Through séances and spiritualist lectures, the ideas and images of spiritualism were absorbed into the common culture and a new landscape of the afterlife was imagined. The ‘spirits’ and spiritualists told people that the afterlife was a place where spiritual progress was not only possible but expected; where individuals were assisted in their progress by helpful higher spirits; and where there was no hell or eternal torment. These communications were wrapped in a language of sunshine, flowers and play, and they appealed to many.

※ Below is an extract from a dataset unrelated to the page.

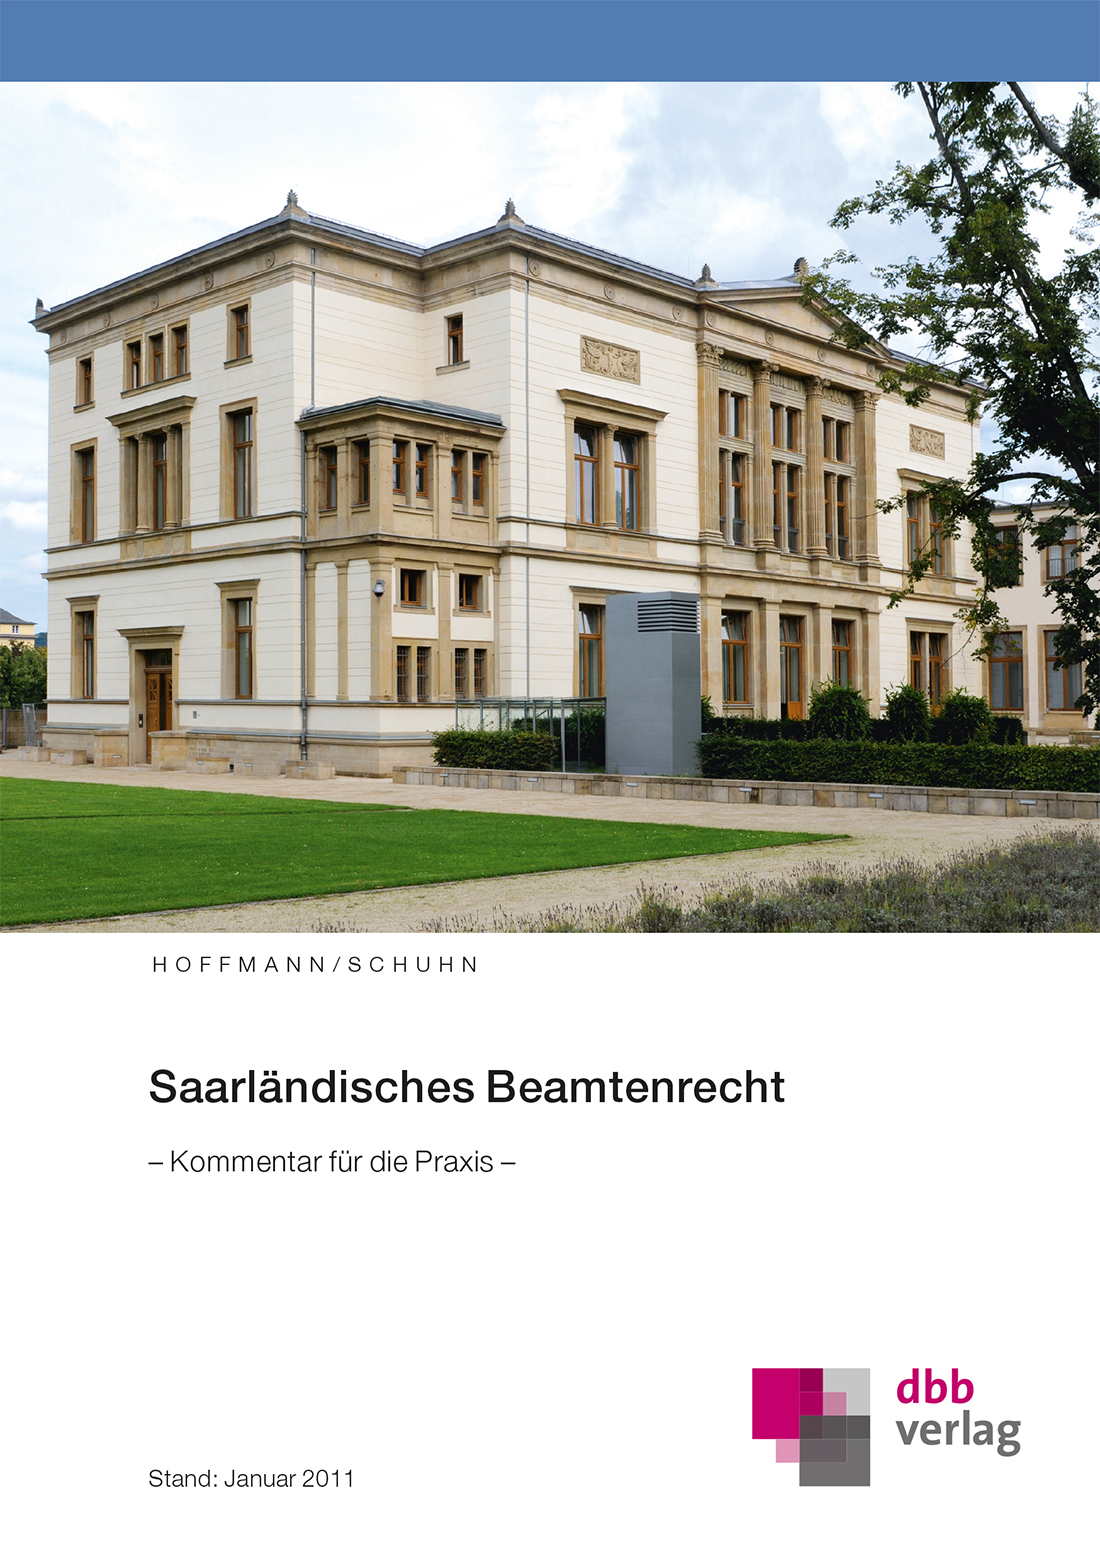 Saarländisches Beamtenrecht © DBB Verlag
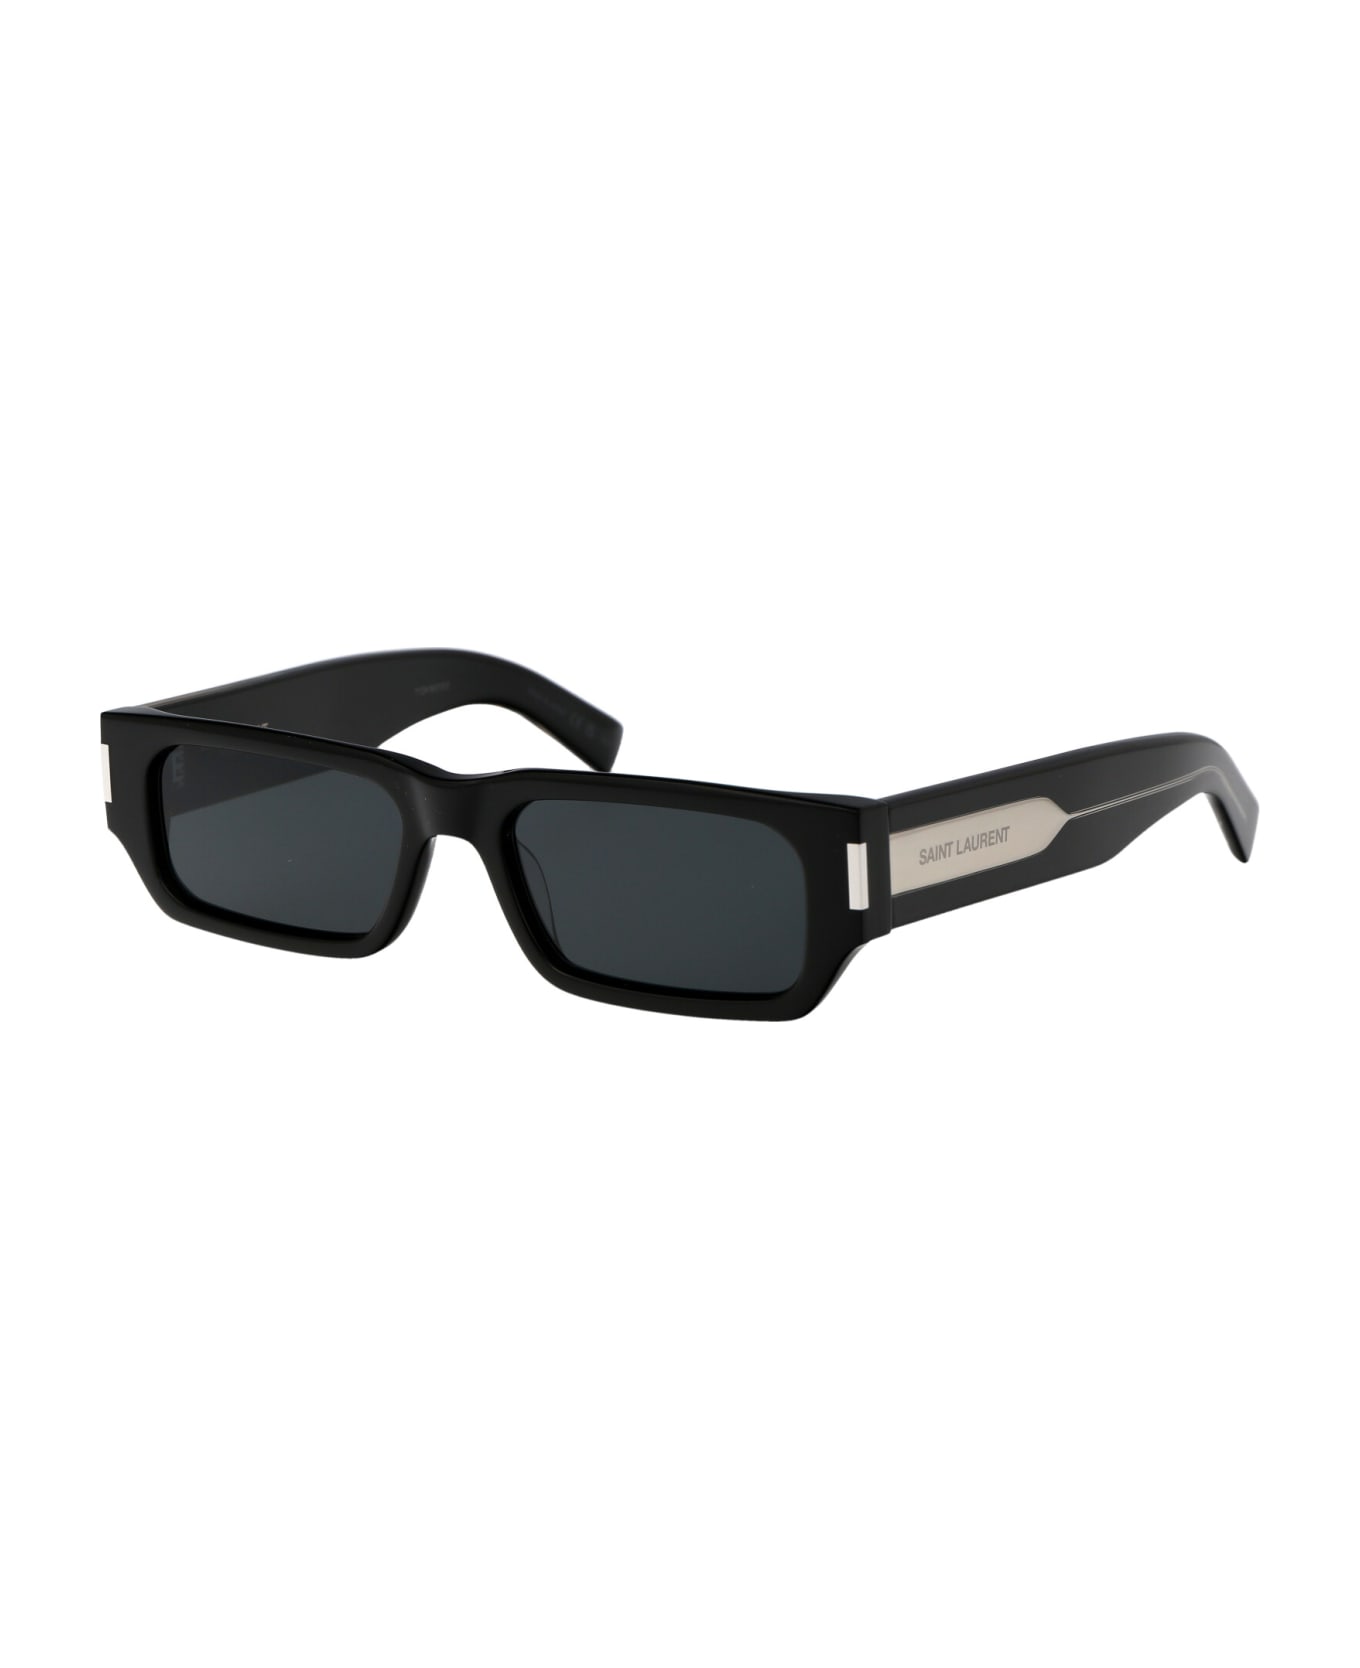 Saint Laurent Eyewear Sl 660 Sunglasses - 001 BLACK CRYSTAL BLACK

One year after Maria Hayden's arrival, in 1853, F. D. Maurice published his Theological Essays. Maurice's theology of post-mortem progress and his denial of everlasting torment for the wicked met with criticism from the Church hierarchy and widespread public disapproval. Maurice's Theological Essays were welcomed by others, however, and fostered a development in Church of England teaching about the afterlife that would lead in 1915 to Hastings Rashdall comfortably describing Jesus’ own teaching as ‘latent Universalism’. The 1938 report Doctrine in the Church of England suggested that post-mortem development was possible, and even that there were hints of universal salvation in the Bible. The official nature of this report, and the fact that its production represented a deliberate attempt to find theological coherence among diverse theological opinions in the Church, suggest that such ideas about the afterlife were, by 1938, part of the mainstream of Church teaching.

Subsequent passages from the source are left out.